Une protéine médusante
Une nouvelle forme d'aequorine a été mise au point par les chercheurs du laboratoire de Neurobiologie des processus adaptatifs1, à Paris. Cette protéine luminescente, présente naturellement chez une méduse, est souvent utilisée comme marqueur en imagerie biologique. Grâce au génie génétique, Bertrand Lambolez et ses collègues sont parvenus à en améliorer certaines caractéristiques, comme la stabilité et la durée de luminescence. La protéine modifiée offre déjà des avantages par rapport à la forme classique : plus résistante à la chaleur, elle peut être stockée plus longtemps et à des températures plus élevées.
Par ailleurs, ces travaux laissent imaginer, dans le futur, la possibilité de modifier directement l'aequorine selon la fonction biologique à étudier.
1. Laboratoire CNRS / Université Paris-VI.
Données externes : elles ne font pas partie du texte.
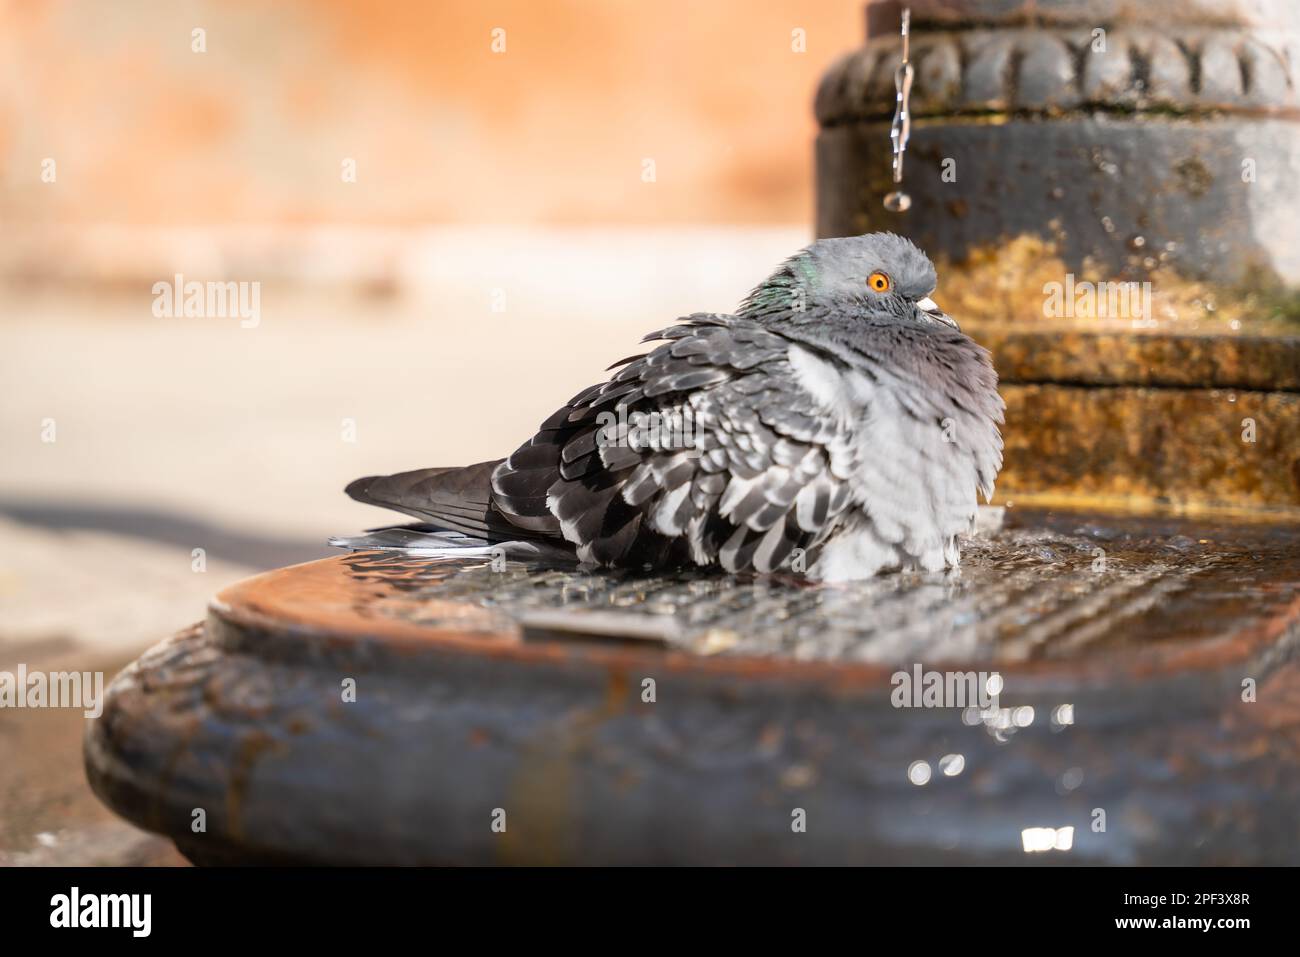 Pigeons bathing in water at Venice. Pigeon bathe in spouting water of fountain at Italy. Stock Photo

Contact : Bertrand Lambolez, bertrand.lambolez@snv.jussieu.fr
Un bien étrange matou
Le chat de Schrödinger existe désormais ! Il ne s'agit pas d'un animal à poils mais d'un faisceau de lumière, créé par les chercheurs du Laboratoire Charles Fabry de l'Institut d'Optique1, à Orsay. À l'origine, le chat de Schrödinger est une petite bête théorique inventée par le physicien Erwin Schrödinger en 1935 pour illustrer les bizarreries de la physique quantique. L'expérience est simple : une boîte contient un chat et une fiole de poison dont l'ouverture dépend de la désintégration d'un atome radioactif. Comme la physique quantique autorise l'atome à être à la fois désintégré et intact, le chat est simultanément vivant et mort. De telles « superpositions d'états » avaient déjà été obtenues, en particulier pour des systèmes optiques (des photons), mais il s'agissait plutôt de « chatons », trop petits pour avoir une quelconque application.
Cette fois-ci, le dispositif expérimental mis au point par les chercheurs a permis de franchir deux étapes cruciales : d'une part, ils ont attribué une superposition d'états à une véritable impulsion lumineuse se propageant librement ; d'autre part, la méthode de mesure de ces impulsions, appelée « tomographie quantique », permet de montrer directement que le champ électrique de l'onde prend bien simultanément deux valeurs distinctes. Et ce chat s'avère suffisamment gros pour éventuellement servir à la transmission de messages secrets ou au calcul ultrarapide par ordinateur quantique.
1. Laboratoire CNRS / Institut d'optique / Université Paris-XI.